И в каком-то смысле было символично, что Марина Цветаева, выступавшая со стихотворением "Есть в стане моем - офицерская прямость, Есть в ребрах моих, - офицерская честь", - по ее собственным словам, "эти стихи в Москве назывались "Про красного офицера", и я полтора года с неизменным громким успехом читала их на каждом выступлении по неизменному вызову курсантов", а иногда читала и другие из цикла "Лебединый стан" (10), а заграницей - те же стихотворения перед участниками белого движения, - Цветаева была популярна среди первопоходников (м.б., отчасти и из-за их соратника и ее мужа, Сергея Эфрона). Ее собственная строка: "Белый поход, ты нашел своего летописца" (11) отражала направленность ее Музы.
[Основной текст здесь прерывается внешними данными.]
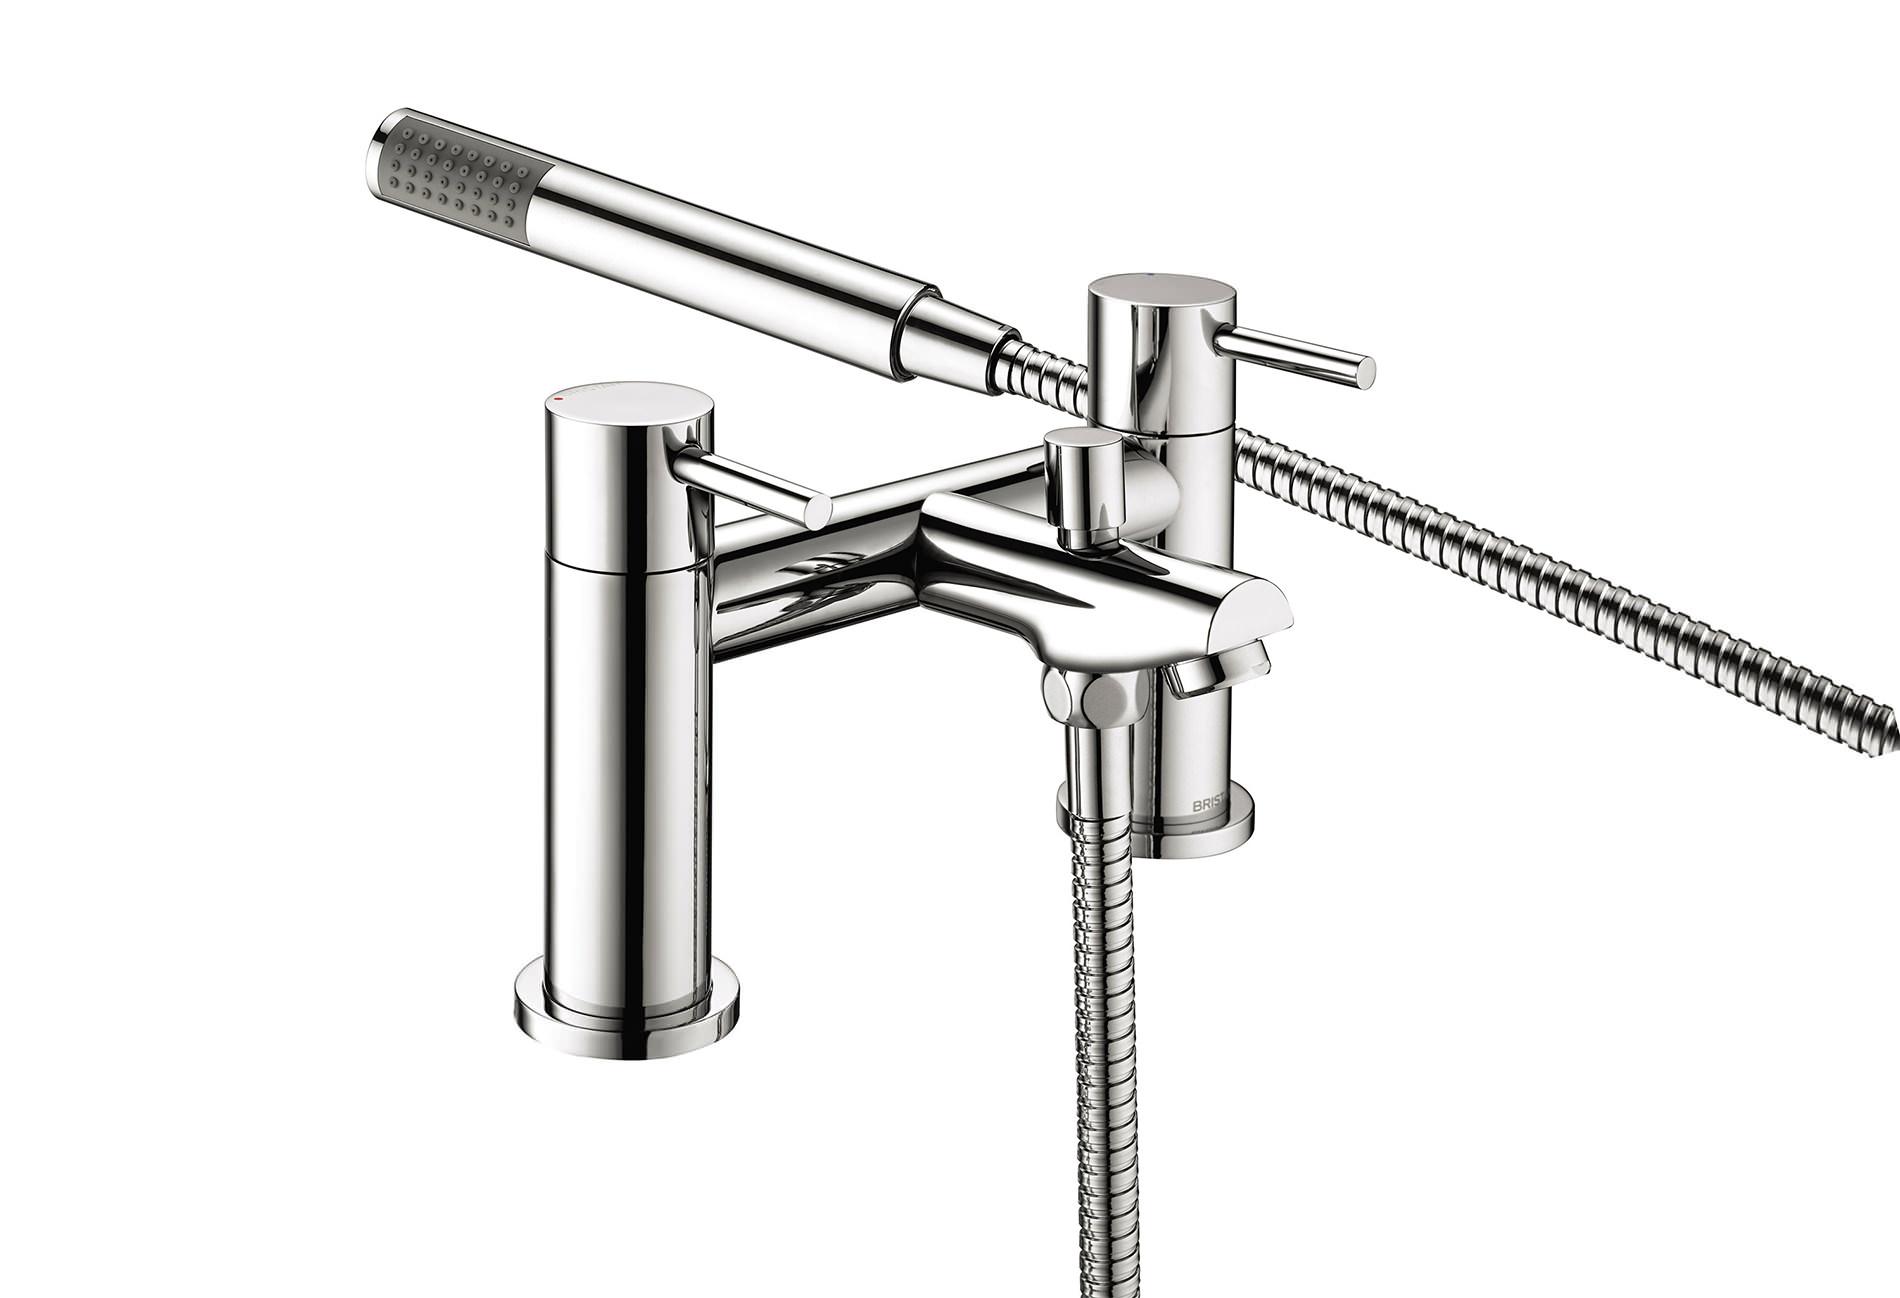 Bristan Blitz Bath Shower Mixer Tap Chrome

Никто, никогда так хорошо, на таком высоком литературном уровне ничего не сказал о белом движении, как это сделала Марина Цветаева. Ее "Лебединый Стан" и "Перекоп", действительно, удивительные циклы стихов, отражающие не только эпоху, но и тоску по общерусскому делу и трагедию разделенности русских людей, которых, все же, примиряет смерть:

    "Все рядком лежат -

    не развесть межой.

    Поглядеть: солдат,

    Где свой, где чужой?

    Белый был - красным стал :

    Кровь обагрила.

    Красным был - белый стал:

    Смерть побелила...

    ... и справа и слева

    И сзади и прямо

    И красный и белый :

    - МАМА!" (12)

Эмигрантская литература была немыслима без идей, поэтому она не может изучаться только с позиций эстетики или формализма. Искусство никогда нельзя оторвать от мысли. Это очевидно даже для творчества Набокова, хотя он против дидактики, против того, чтобы романы превращались в трактаты о русской общественной мысли, как это повелось в русской традиции, по крайней мере - с эпохи Тургенева.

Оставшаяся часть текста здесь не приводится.